You can use the file system UDF where you can manage ownership and permissions rather freely so that a directory can be writable and programs can be executable.

  • UDF probably lacks tools to repair the file system, which is a disadvantage, but there are several advantages.

  • FOSS

  • Maybe it is possible to find repair tools in Windows via this link: fsck tools for UDF, and there is some tool available as source code

  • Can be created in Ubuntu

  • Compatible with linux style links.

  • Compatible with linux style permissions and ownership. You can create and modify ownership and permissions of individual files (which is not possible with FAT and NTFS).
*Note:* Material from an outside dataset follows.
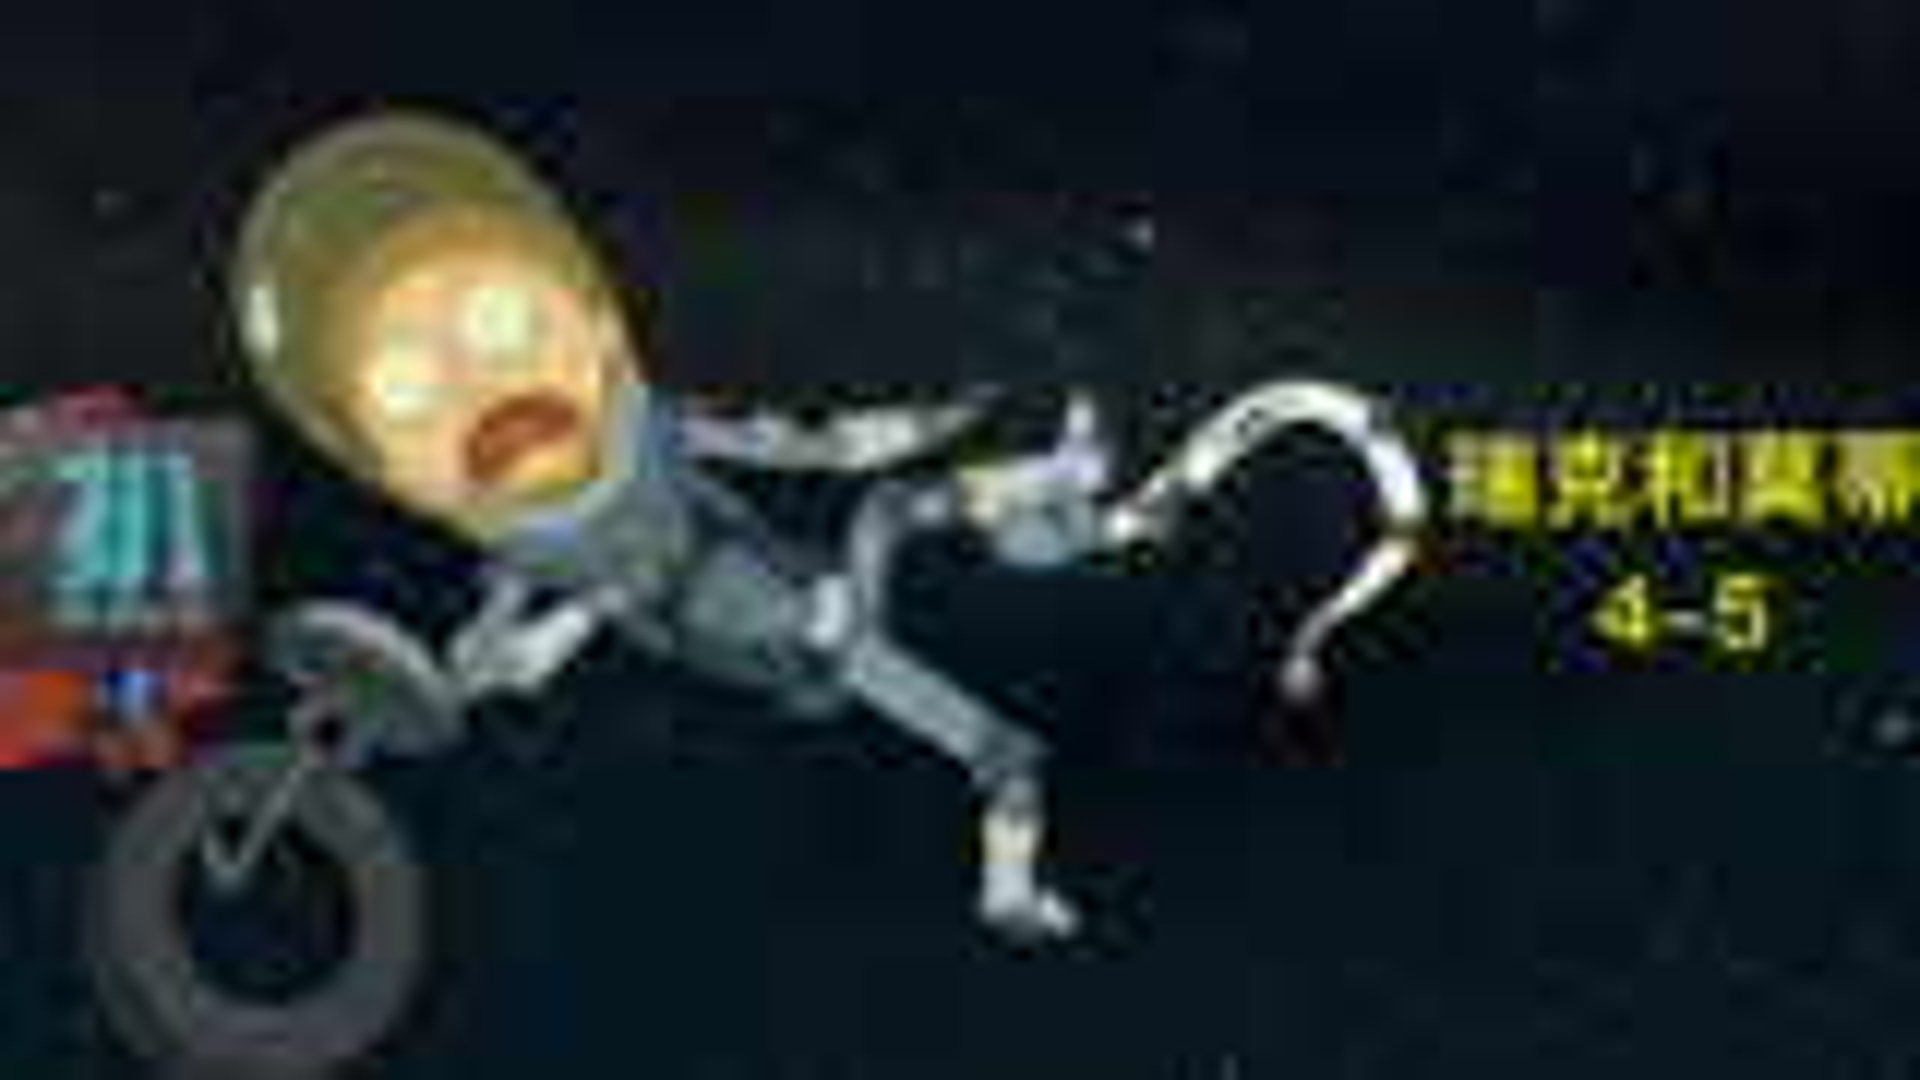 当蛇穿着宇航服上太空,忍不住咬了人类一口!《瑞克和莫蒂405》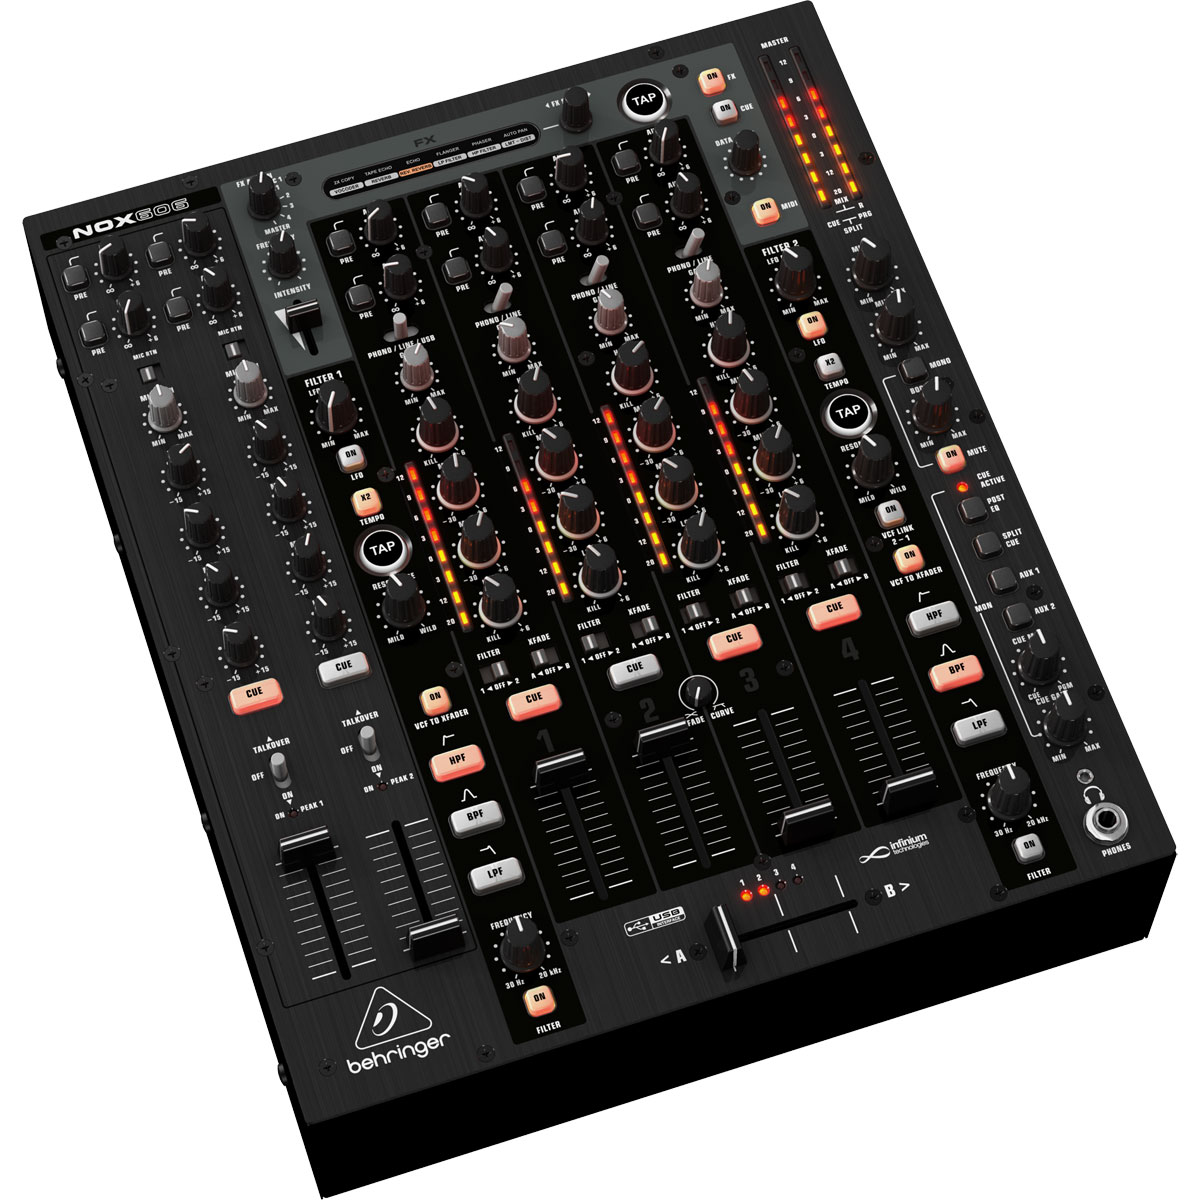 NOX606 - Mixer Dj 6 Canais NOX 606 - Behringer

  • A UDF partition will not be prompted for formatting by Windows 10 (while the linux ext4 file system is affected, and can be destroyed by mistake).

  • How to create and use UDF: Using the UDF as a successor of FAT for USB sticks

    So, to use it, assuming your USB stick is /dev/sdx:

    1. Install the package udftools (in Ubuntu and Debian)

            sudo apt-get install udftools
      
    2. Create a partition table and one partition with gparted or gnome-disks

    3. Wipe the first mibibyte of the target partition with the risky dd (double-check the command line!)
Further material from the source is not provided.